Michael looks at Holly. Tim has reached out and squeezed her hand. Something deeper and more complicated than anger shoots through Michael at the sight of Tim's hand on hers. Holly sees Michael's reaction to Tim clutching her, and slowly moves her hand away from him. She looks back to Max, trying to pretend that she didn't see the hurt on Michael's face. But she won't forget it. It hurts her more than she expected to know that he's hurt.

And Michael can't pretend that his jealous reaction didn't scare him. He can't say that he's never known jealousy, but never like that. It's another emotion, of many emotions, that Holly has opened up in him, but not one he particularly enjoyed discovering.

"It is an interesting thought experiment, though," Max says. "What if a room like that really existed? What would it give you?"

"I'd like to believe that most people are good enough, and strong enough in character, that their deepest wishes wouldn't be so base or selfish," Eric says.

"I'd like to think that too, brother. But I don't."

"I don't see any reason to presume that people are so predictably superficial. That seems too simplistic, too cynical."

"Maybe so. But life teaches us hard lessons," Max says.

"I agree," Tim says. "I think people would hope to show their best selves with their wish. But our true selves aren't always our best selves, even if we hope they are. There's always going to be a divide between our idealistic self and our realistic self, our public self and our private self."

"Yeah, and I don't remember who said it exactly. It may've been Kerouac, but someone wrote that writers should strive to give voice to their unspeakable visions," Max says. "Maybe this idea applies to everyone, and we all have these unspeakable visions that we bury within ourselves."

"But you're operating on the presumption that these unspeakable visions are something that we feel shame about," Eric says.

"That's why their unspeakable."

"Why conclude that? Maybe we just can't articulate them yet?
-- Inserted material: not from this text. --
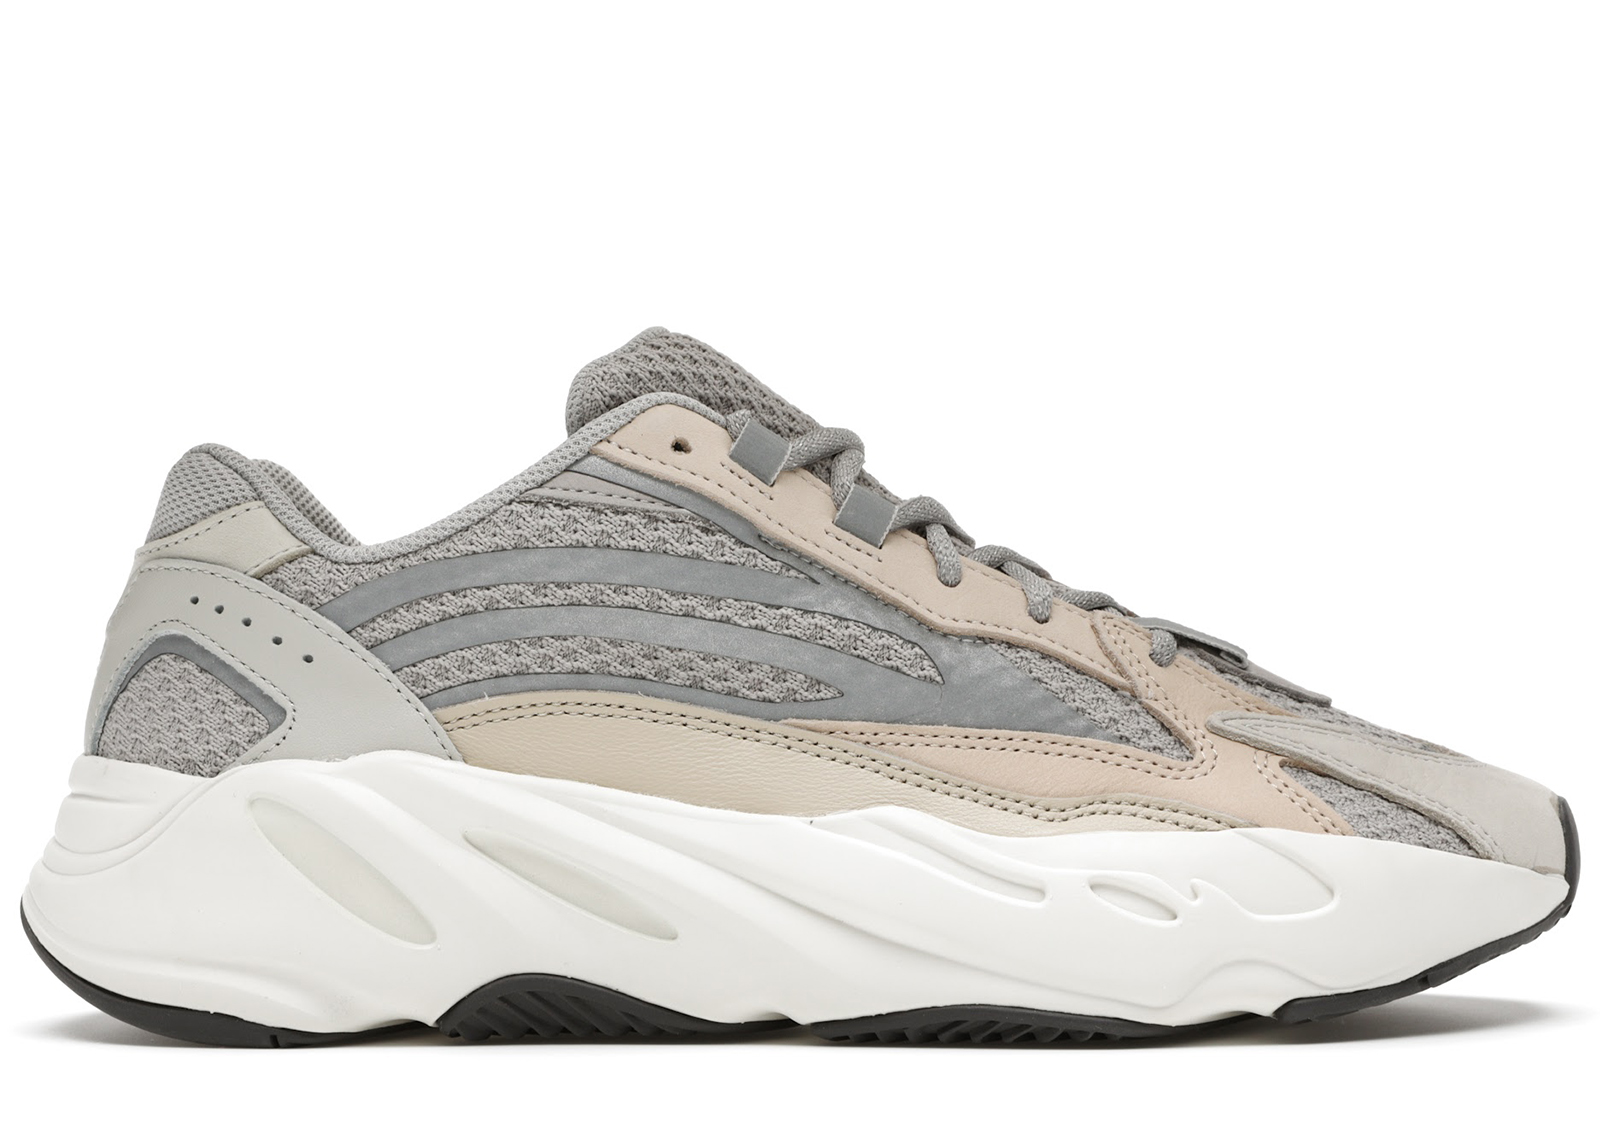 Buy Yeezy 700 v2 Shoes & New Sneakers - StockX
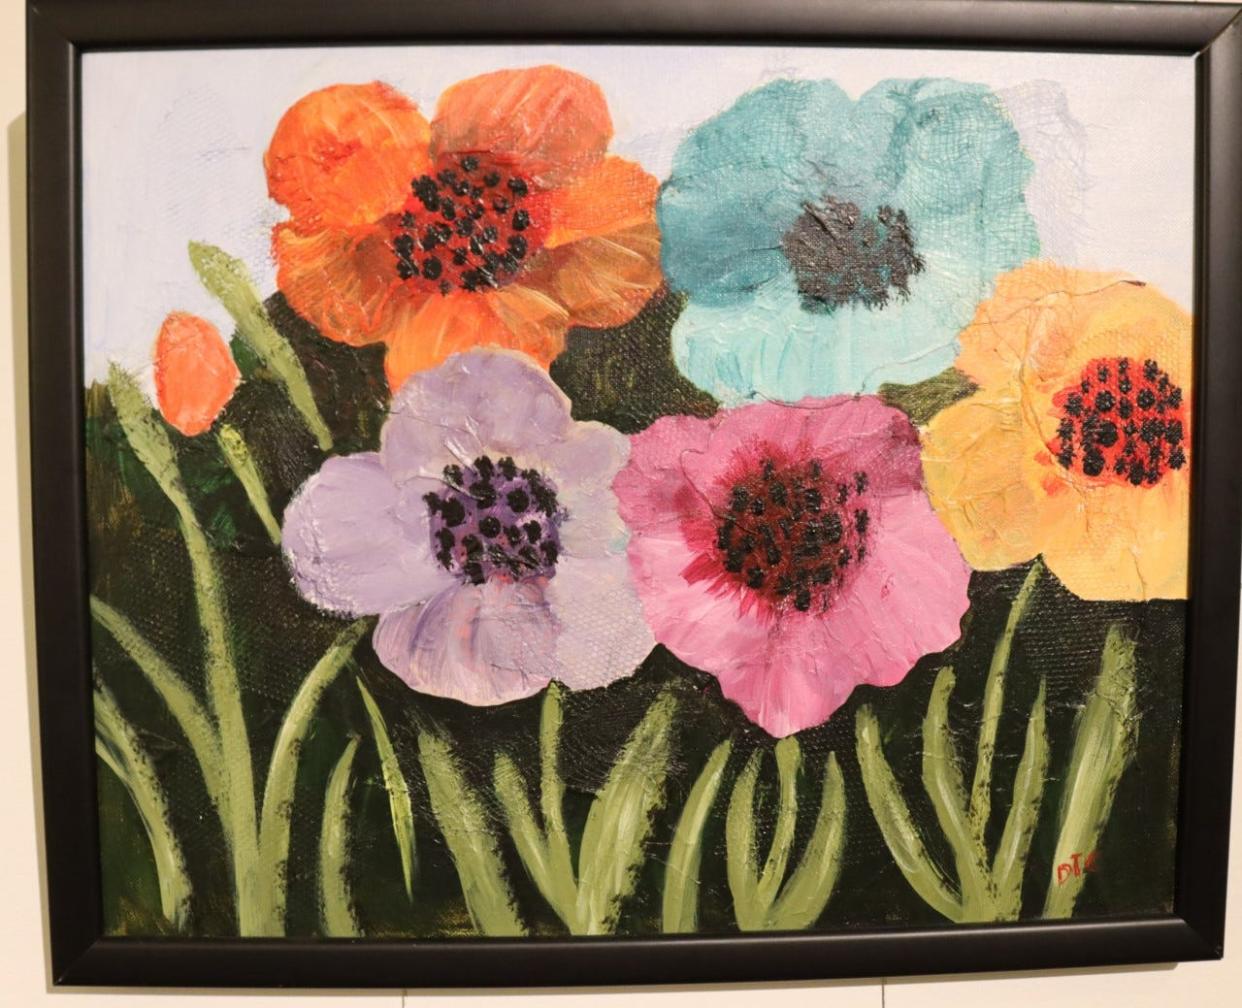 Shown is a piece from the “Earth: Our Home" art exhibit at the Sisters, Servants of the Immaculate Heart of Mary Motherhouse. The exhibit runs through May 5.

Unspeakable doesn't necessarily mean shameful."

"And isn't it also about context," Annie says. "It's not that the things we feel, or can't articulate, are selfish or dangerous or shameful, but that maybe they might simply be thoughts we keep to ourselves because they would do no good to share, might only be hurtful to those we share them with."

"Still, saying something could be hurtful presumes negativity," Eric says.

"But not objectively negative," Annie says. "Only in the context of a particular subject."

"So you're talking about keeping secrets?" Eric asks Annie.

"I suppose."

"But aren't secrets just an acceptable way of being dishonest about how you present yourself to the world?" Eric asks.

"How is that?" Annie asks. "Dishonesty through omission? Just because you keep your thoughts or feelings private, doesn't make them any less real. Someone, at least, even if only yourself, knows the truth, and no one is being lied to necessarily."